The EESA followed, and has been followed by, numerous actions by the Federal Reserve, the U.S. Congress, Treasury, the FDIC, the SEC and others to address the current liquidity and credit crisis that has followed the sub-prime meltdown that commenced in 2007.  These measures include homeowner relief that encourage loan restructuring and modification; the establishment of significant liquidity and credit facilities for financial institutions and investment banks; the lowering of the federal funds rate; emergency action against short selling practices; a temporary guaranty program for money market funds; the establishment of a commercial paper funding facility to provide back-stop liquidity to commercial paper issuers; and coordinated international efforts to address illiquidity and other weaknesses in the banking sector. The purpose of these legislative and regulatory actions is to stabilize the U.S. banking system. The EESA and the other regulatory initiatives described above may not have their desired effects.  If the volatility in the markets continues and economic conditions fail to improve or worsen, our business, financial condition and results of operations could be materially and adversely affected.  
 
Current levels of market volatility are unprecedented.
 
The capital and credit markets have been experiencing volatility and disruption for more than a year.
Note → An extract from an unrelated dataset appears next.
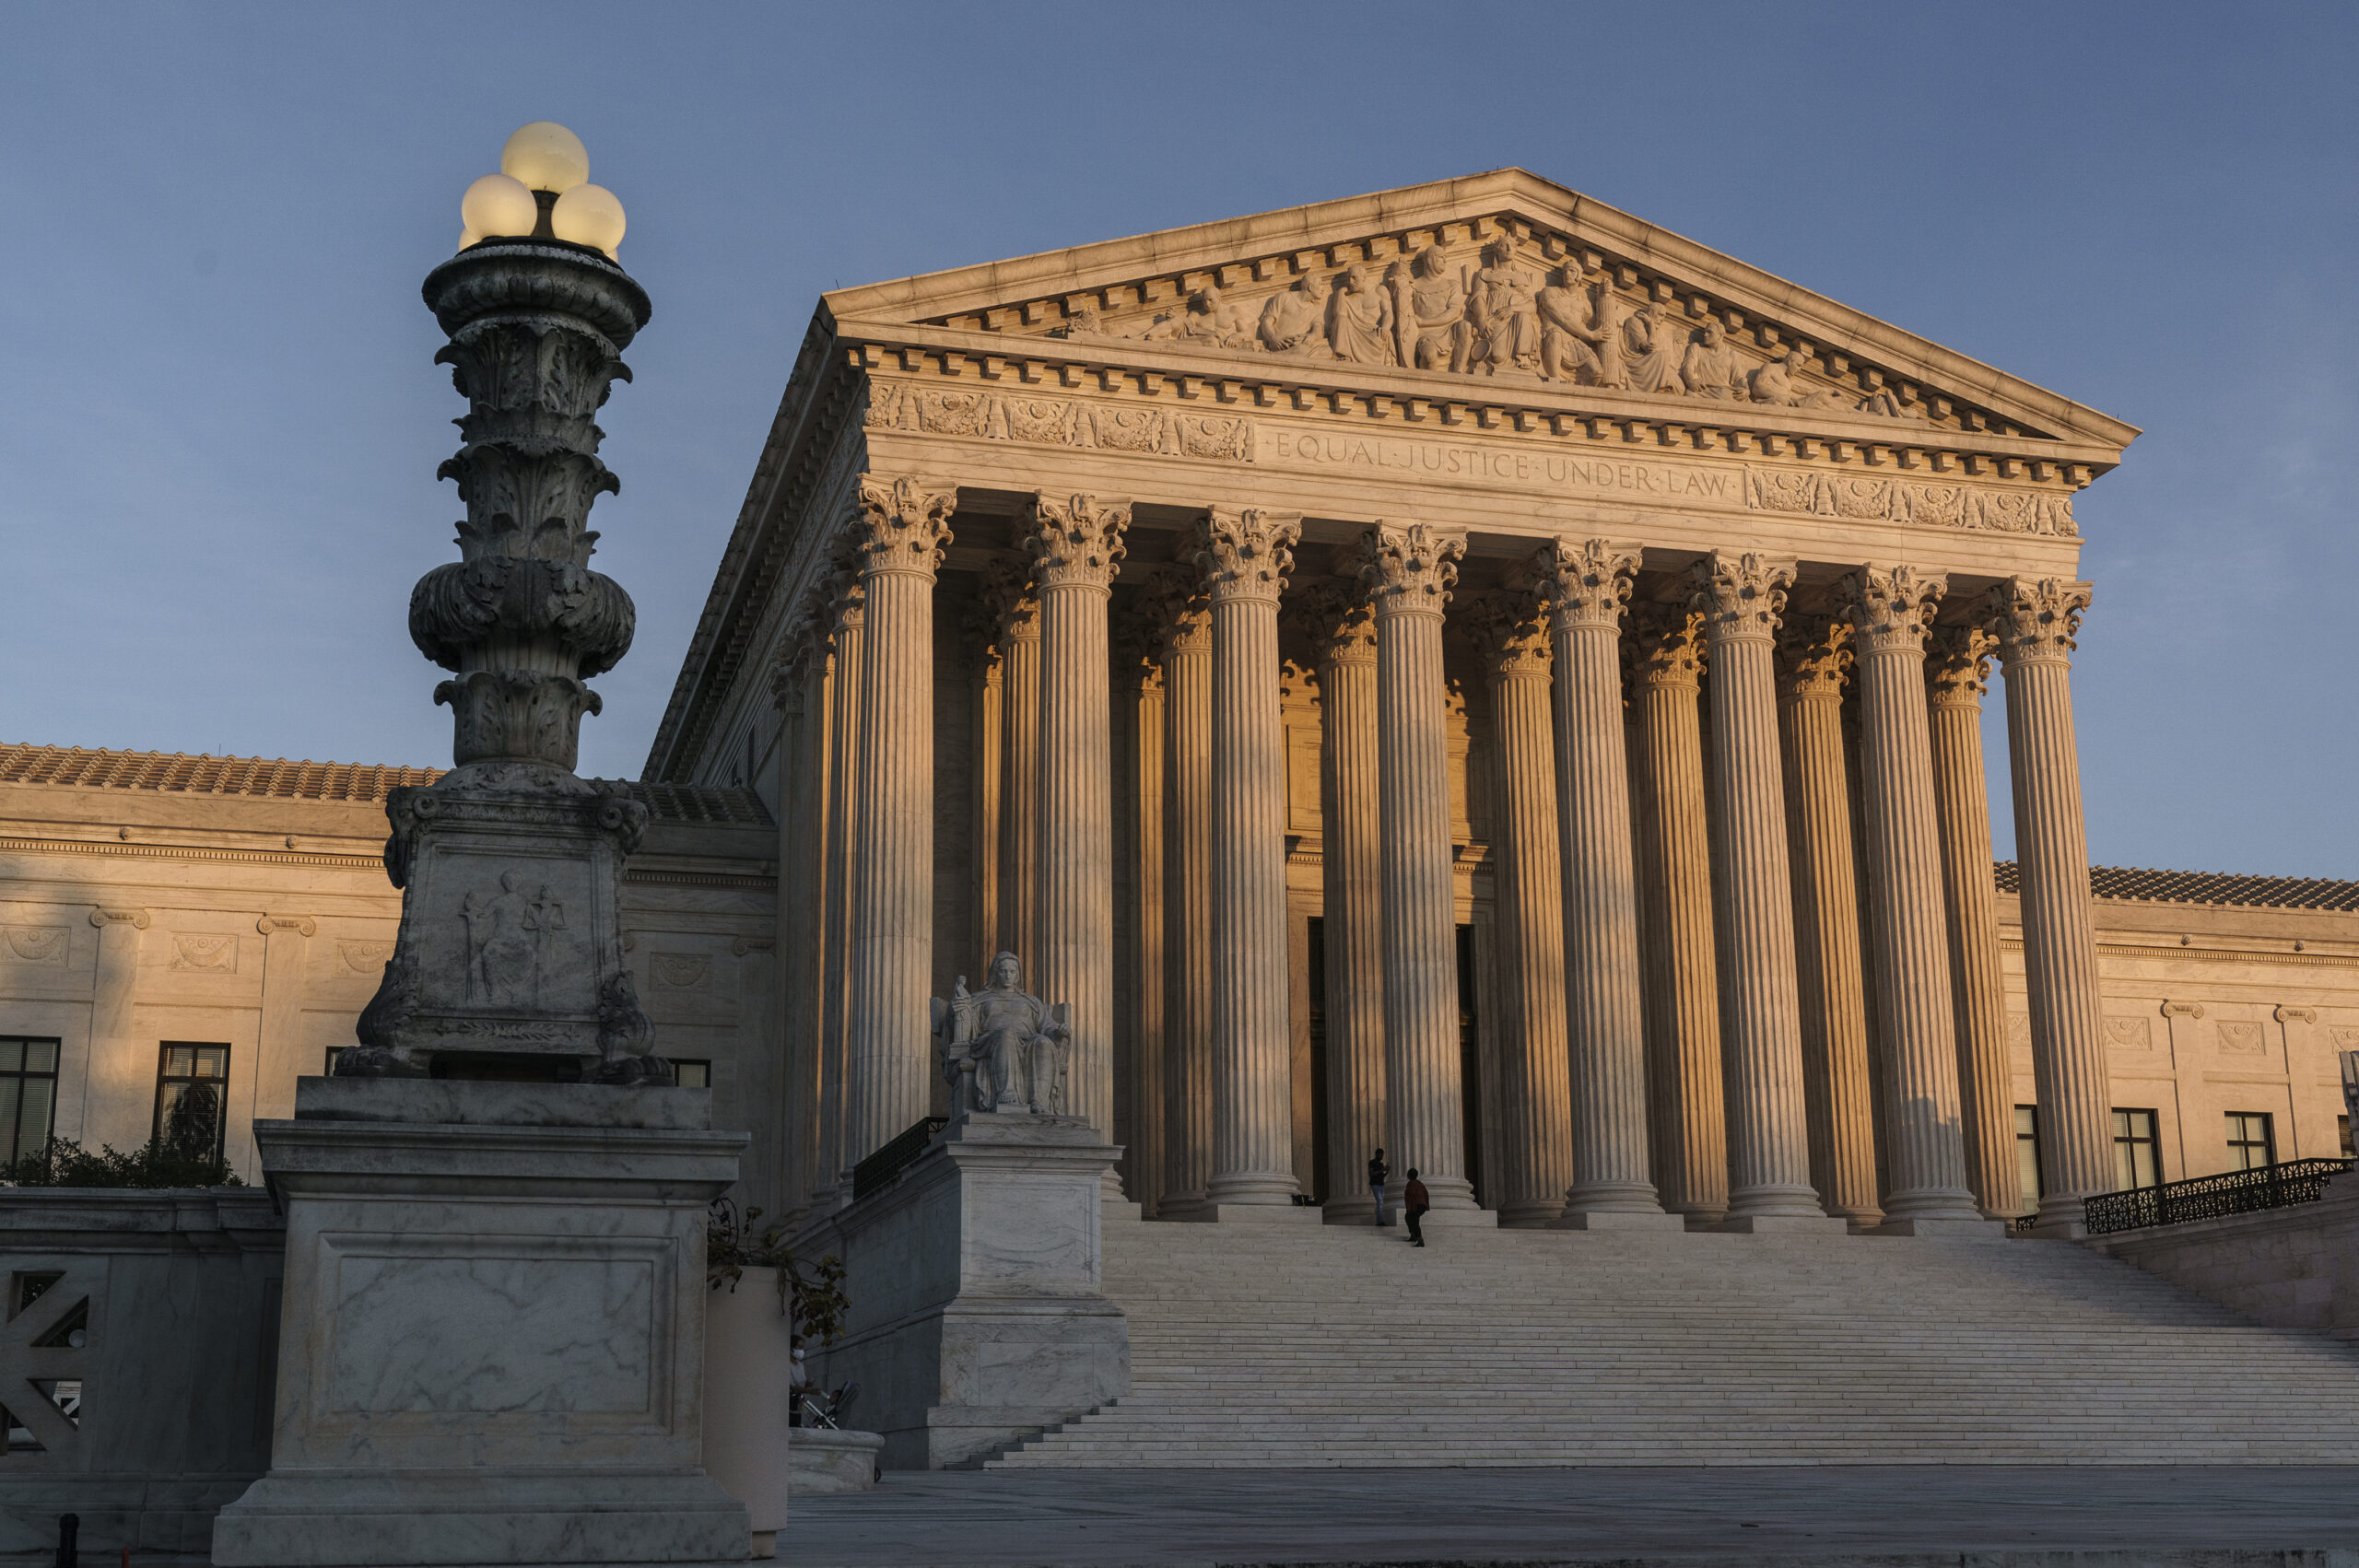 FILE - In this Nov. 6, 2020, file photo the Supreme Court is seen as sundown in Washington. The Supreme Court says it will not hear a case out of Pennsylvania related to the 2020 election, a case that had lingered while similar election challenges had already been rejected by the justices. The high court directed a lower court to dismiss the case as moot. (AP Photo/J. Scott Applewhite, File)

In recent months, the volatility and disruption has reached unprecedented levels.  In some cases, the markets have produced downward pressure on stock prices and credit availability for certain issuers without regard to those issuers’ underlying financial strength. If current levels of market disruption and volatility continue or worsen, there can be no assurance that we will not experience an adverse effect, which may be material, on our ability to access capital and on our business, financial condition and results of operations.
 
Since our business is primarily concentrated in the southcentral Kentucky area, a downturn in the local economy may adversely affect our business.
 
Our lending and deposit gathering activities have been historically concentrated primarily in the southcentral Kentucky area and our success depends on the general economic condition of the area. Although we believe the economy in our local communities has been favorable, we do not know whether these conditions will continue.  Adverse changes in the regional and general economic conditions could reduce our growth rate, impair our ability to collect loans, increase loan delinquencies, increase problem assets and foreclosure, increase claims and lawsuits, decrease the demand for the Bank’s products and services, and decrease the value of collateral for loans, especially real estate, thereby having a material adverse effect on our financial condition and results of operations.
 
Our allowance for loan losses may prove to be insufficient to absorb potential losses in our loan portfolio.
 
Lending money is a substantial part of our business. However, every loan we make carries a certain risk of non-payment. This risk is affected by, among other things:
 
·  
cash flow of the borrower and/or the project being financed;
 
·  
in the case of a collateralized loan, the changes and uncertainties as to the future value of the collateral;
 
·  
the credit history of a particular borrower;
 
·  
changes in economic and industry conditions; and
 
·  
the duration of the loan.
 
We maintain an allowance for loan losses that we believe is a reasonable estimate of known and inherent losses within the loan portfolio. We make various assumptions and judgments about the collectibility of our loan portfolio. Through a periodic review and consideration of the loan portfolio, management determines the amount of the allowance for loan losses by considering general market conditions, credit quality of the loan portfolio, the collateral supporting the loans and performance of customers relative to their financial obligations with us. The amount of future losses is susceptible to changes in economic, operating and other conditions, including changes in interest rates, which may be beyond our control, and these losses may exceed current estimates. Growing loan portfolios are, by their nature, unseasoned. As a result, estimating loan loss allowances for growing portfolios is more difficult, and may be more susceptible to changes in estimates, and to losses exceeding estimates, than more seasoned portfolios. We cannot fully predict the amount or timing of losses or whether the loss allowance will be adequate in the future. Excessive loan losses and significant additions to our allowance for loan losses could have a material adverse impact on our financial condition and results of operations.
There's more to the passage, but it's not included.